Nestle the chicken thighs back into the sauce, skin-side up. Spoon some sauce over the chicken without soaking the skin.

Step 6: Finish Cooking

Transfer the skillet to a preheated oven at 375°F (190°C) and bake for 20–25 minutes, or until the internal temperature reaches 165°F (74°C).

Step 7: Garnish and Serve

Sprinkle with fresh parsley and herbs. Serve hot with sauce spooned generously over the chicken.


Flavor Variations

Creamy Mediterranean Chicken

Add ¼ cup heavy cream or coconut cream to the sauce for a richer texture.

Spicy Olive Chicken

Add red pepper flakes or Calabrian chili paste for heat.

Dairy-Free & Paleo Option

Skip cream and wine; use extra broth and lemon juice.

Boneless Chicken Version

Use boneless thighs or breasts and reduce cooking time by 10 minutes.


Nutrition Benefits

This dish fits perfectly into the Mediterranean diet, one of the most researched eating patterns for longevity and heart health.

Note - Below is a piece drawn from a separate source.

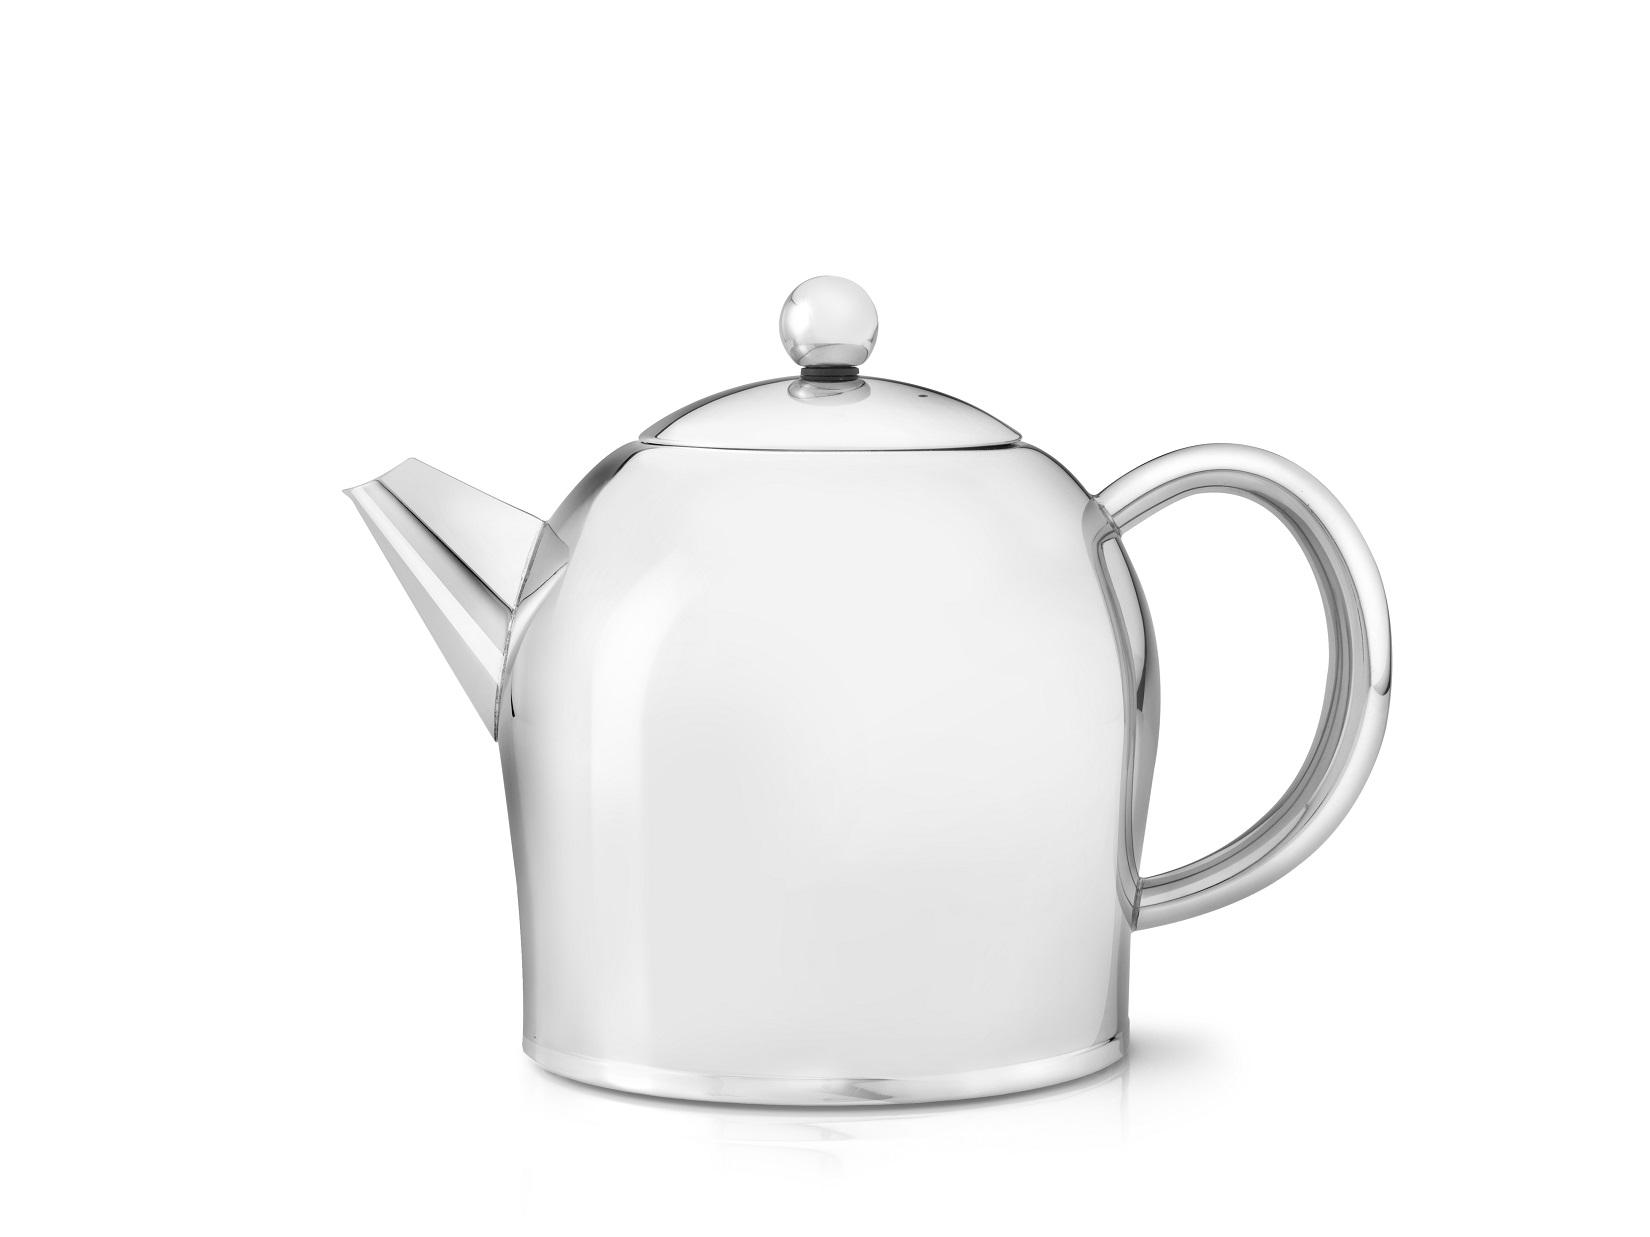 Teekanne Minuet Santhee Bredemeijer 1,0L.

  • Chicken thighs: High-quality protein, iron, zinc

  • Olives: Monounsaturated fats for heart health

  • Artichokes: Fiber-rich, supports digestion and liver health

  • Olive oil: Anti-inflammatory properties

Approximate nutrition per serving:

  • Calories: 420–450

  • Protein: 32g

  • Net Carbs: 6–8g

  • Healthy Fats: High


Storage & Meal Prep Tips

  • Store leftovers in an airtight container for up to 4 days

  • Reheat gently on the stovetop to preserve moisture

  • Freezes well for up to 2 months

  • Ideal for high-protein meal prep


Best Side Dishes to Serve With

  • Roasted Mediterranean vegetables

  • Garlic cauliflower mash (low-carb)

  • Lemon herb rice or quinoa

  • Crusty bread for sauce (non-keto option)

  • Greek salad or cucumber tomato salad


Related Questions (High-CPM SEO Keywords)

  1. What is the healthiest Mediterranean chicken recipe?

  2. Is chicken with olives good for weight loss?

  3. Can Mediterranean chicken be made keto-friendly?

  4. What are the best one-pan chicken dinners?

  5. Is olive oil chicken good for heart health?

  6. How do you cook chicken thighs so they stay juicy?

  7. What vegetables go well with Mediterranean chicken?

  8. Can I make Mediterranean chicken ahead of time?

  9. Is chicken with artichokes good for digestion?

  10. What are high-protein dinner recipes for families?

  11. Can Mediterranean chicken be frozen?

  12. What are easy skillet chicken recipes for beginners?

  13. Is Mediterranean diet good for lowering cholesterol?

  14. What herbs pair best with chicken and olives?

  15. How do you make restaurant-style chicken at home?


Final Thoughts

This Mediterranean Chicken with Olives and Artichokes is the perfect blend of comfort food and healthy eating. It’s rich without being heavy, simple yet impressive, and flexible enough for nearly every dietary preference. Whether you’re cooking for family, guests, or weekly meal prep, this dish delivers maximum flavor with minimal effort.